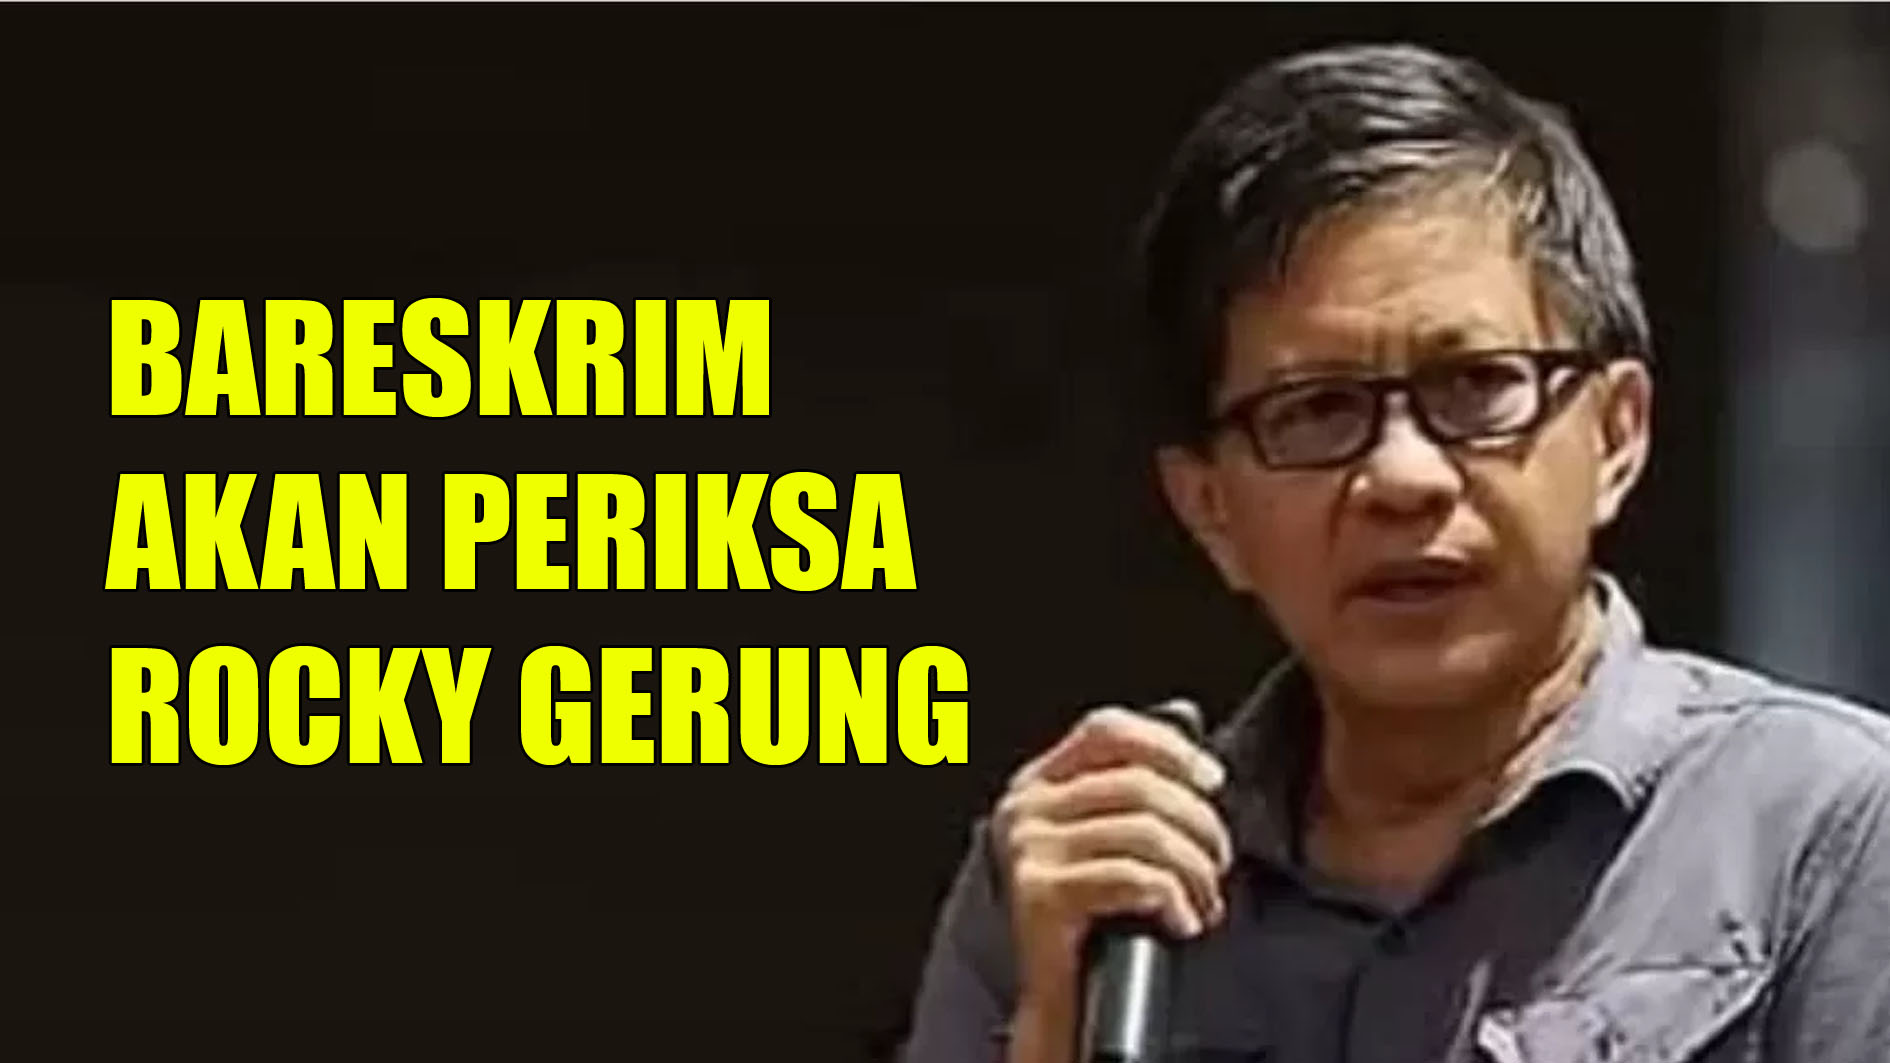 Hari ini Bareskrim Akan Periksa Rocky Gerung dalam Kasus Dugaan Penghinaan ke Presiden Jokowi
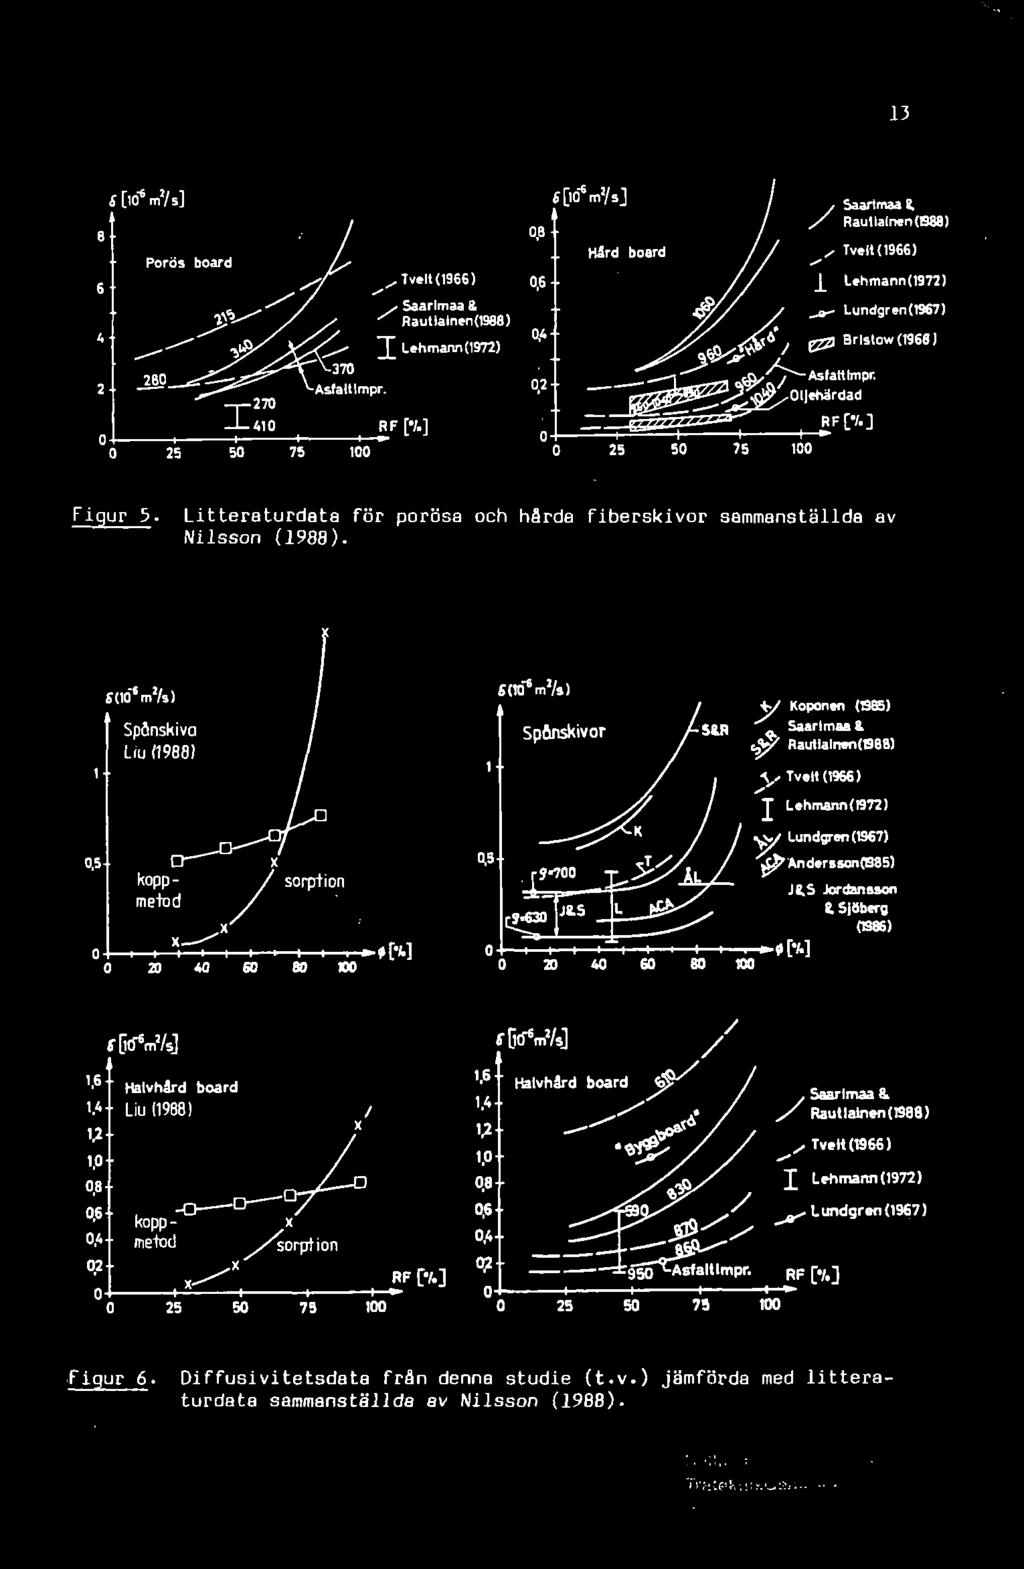 Litteraturdata för porösa och hårda fiberskivor sammanställda av Nilsson (1988).
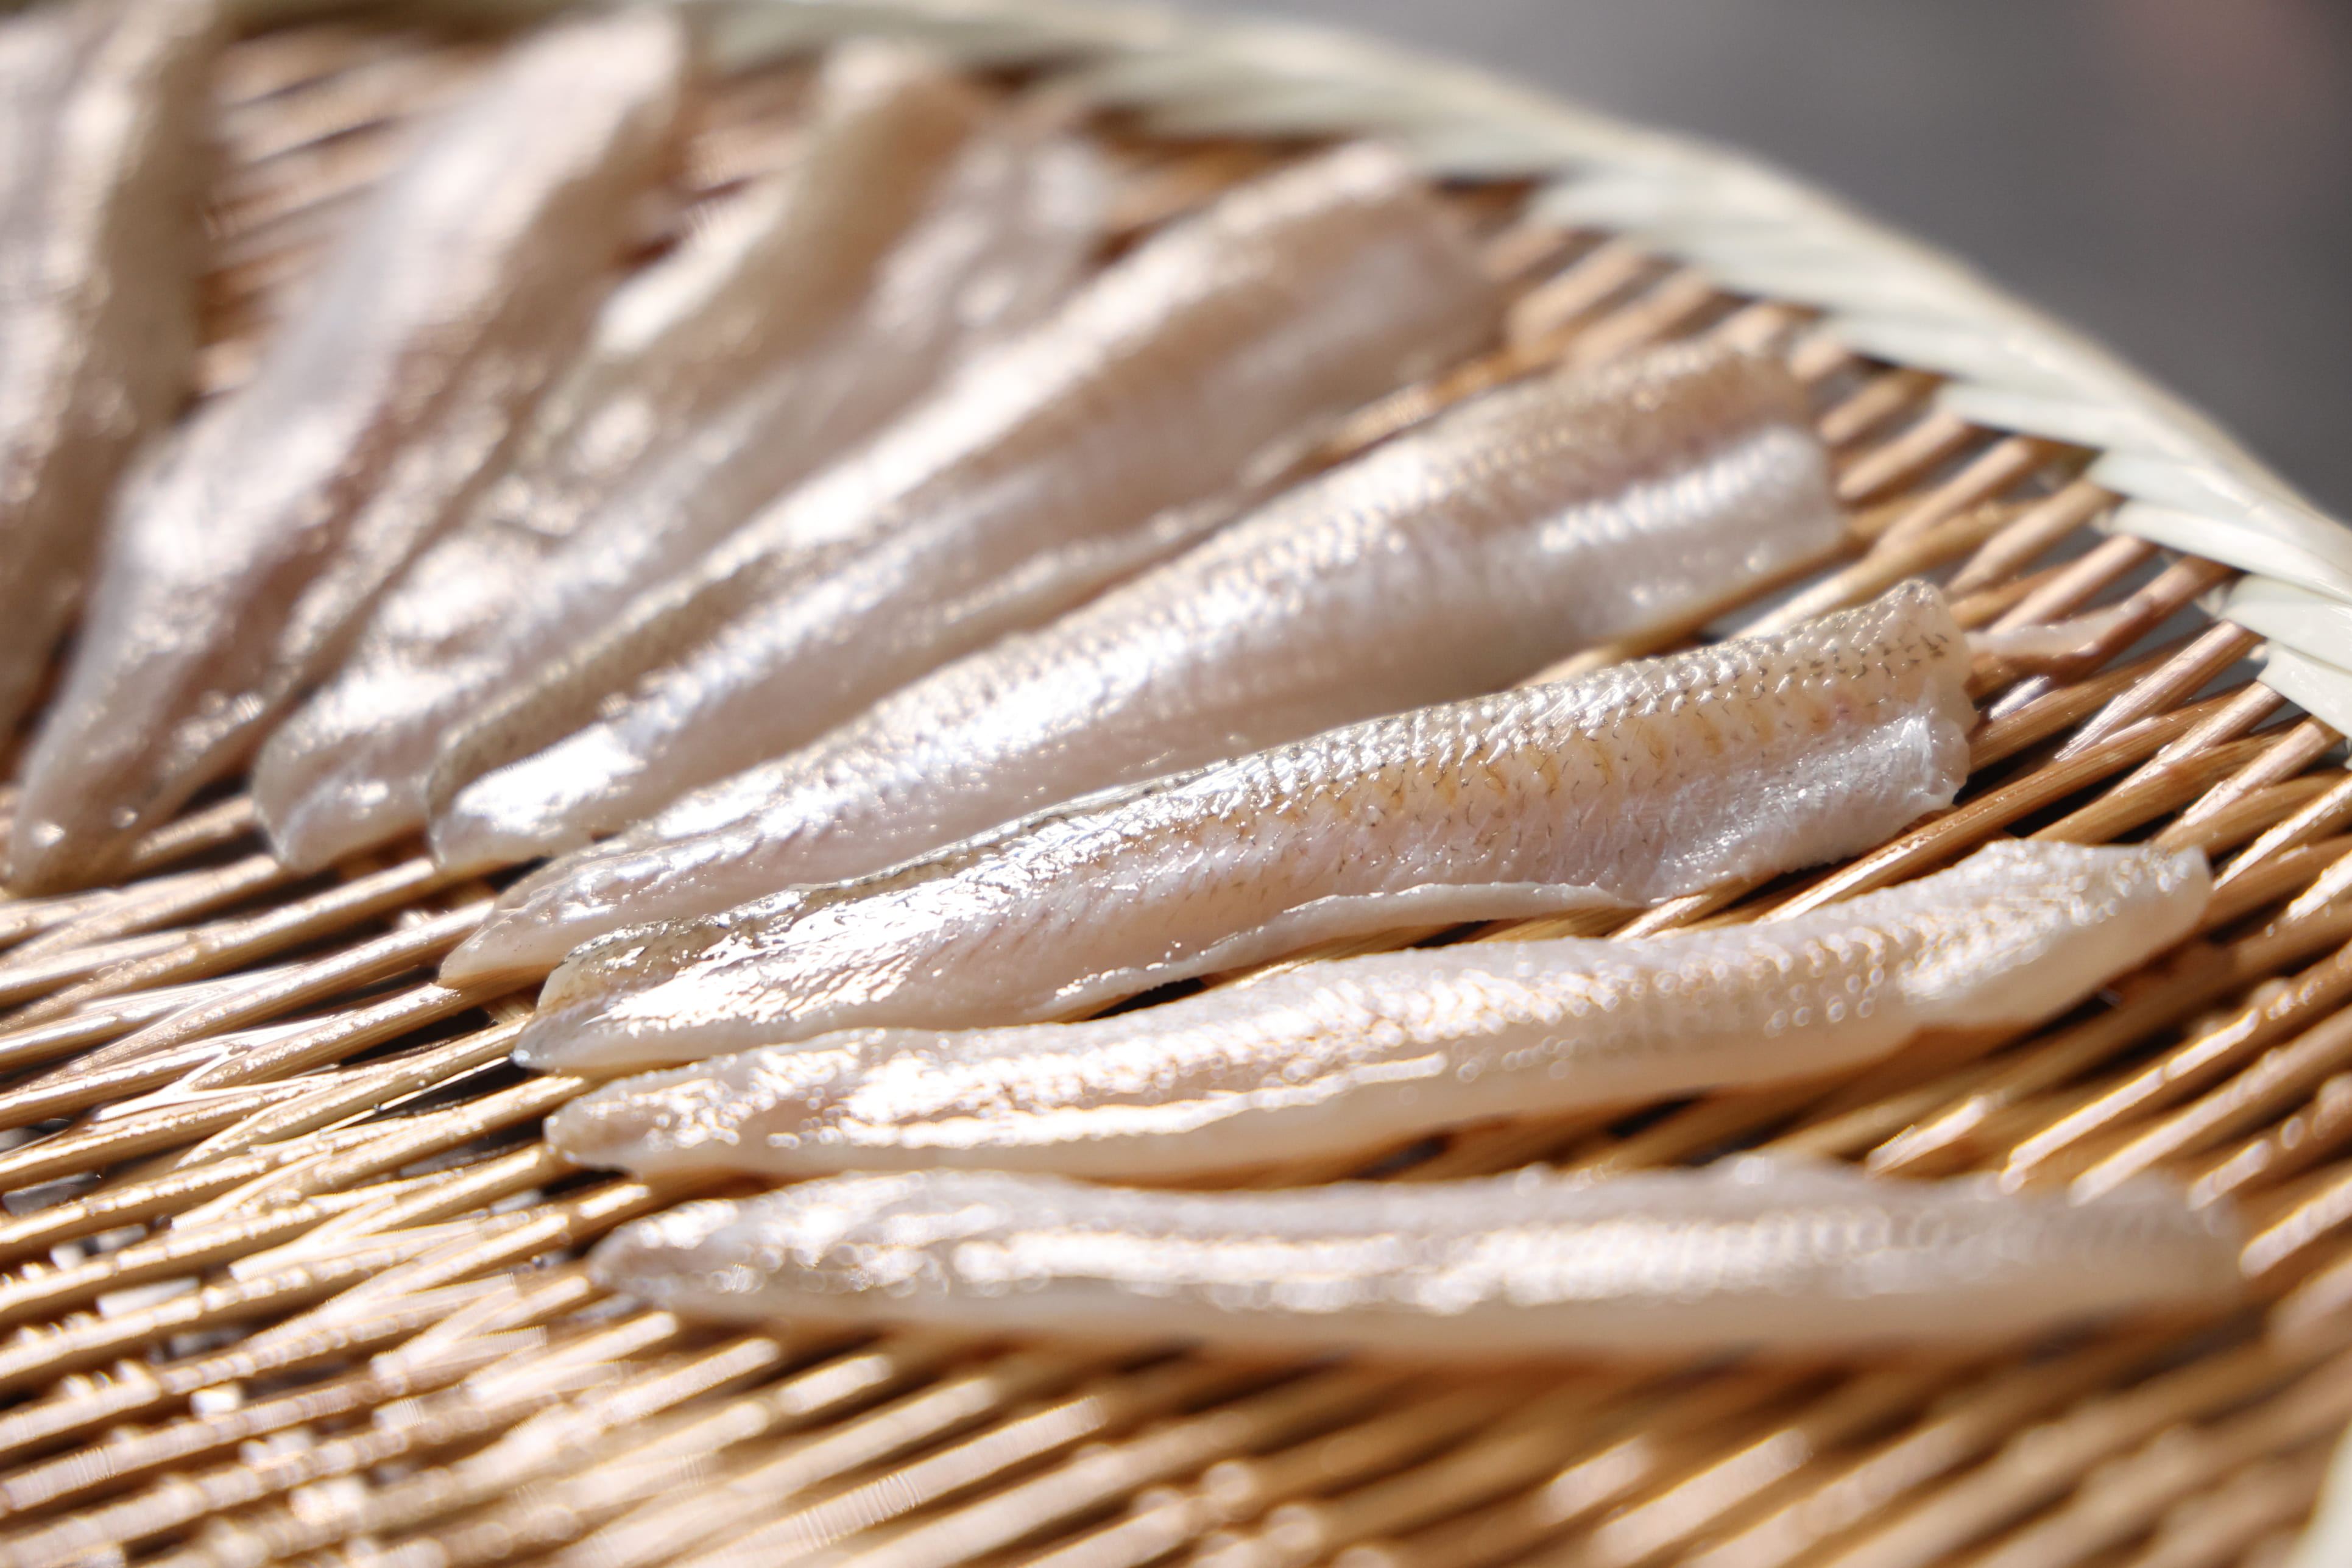 すしのダネ知識 江戸前鮨は穴子の魚竹寿し 継承される江戸前鮨の伝統と文化を愉しむ
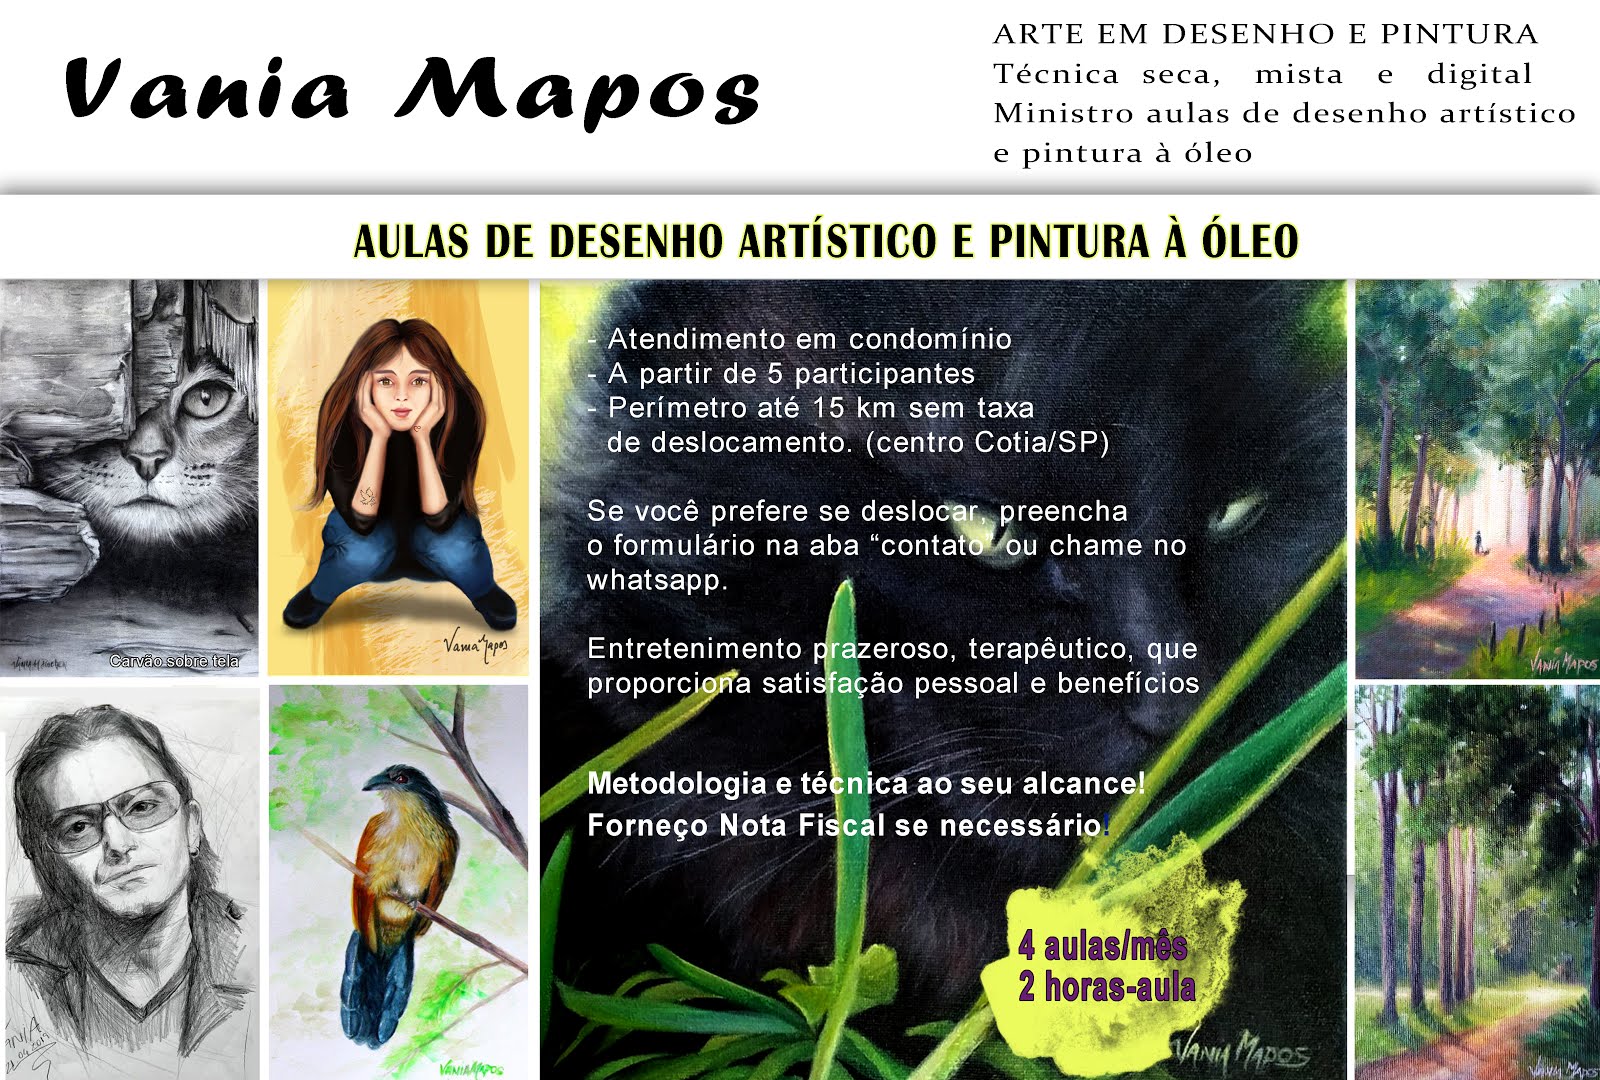 Vania Mapos

What the task requires ->
Output the listing exactly, pictures excluded.

Task output ->
 Hari ini Bareskrim Akan Periksa Rocky Gerung dalam Kasus Dugaan Penghinaan ke Presiden Jokowi
 Litteraturdata för porösa och hårda fiberskivor sammanställda av Nilsson (1988).
 すしのダネ知識 江戸前鮨は穴子の魚竹寿し 継承される江戸前鮨の伝統と文化を愉しむ
 Vania Mapos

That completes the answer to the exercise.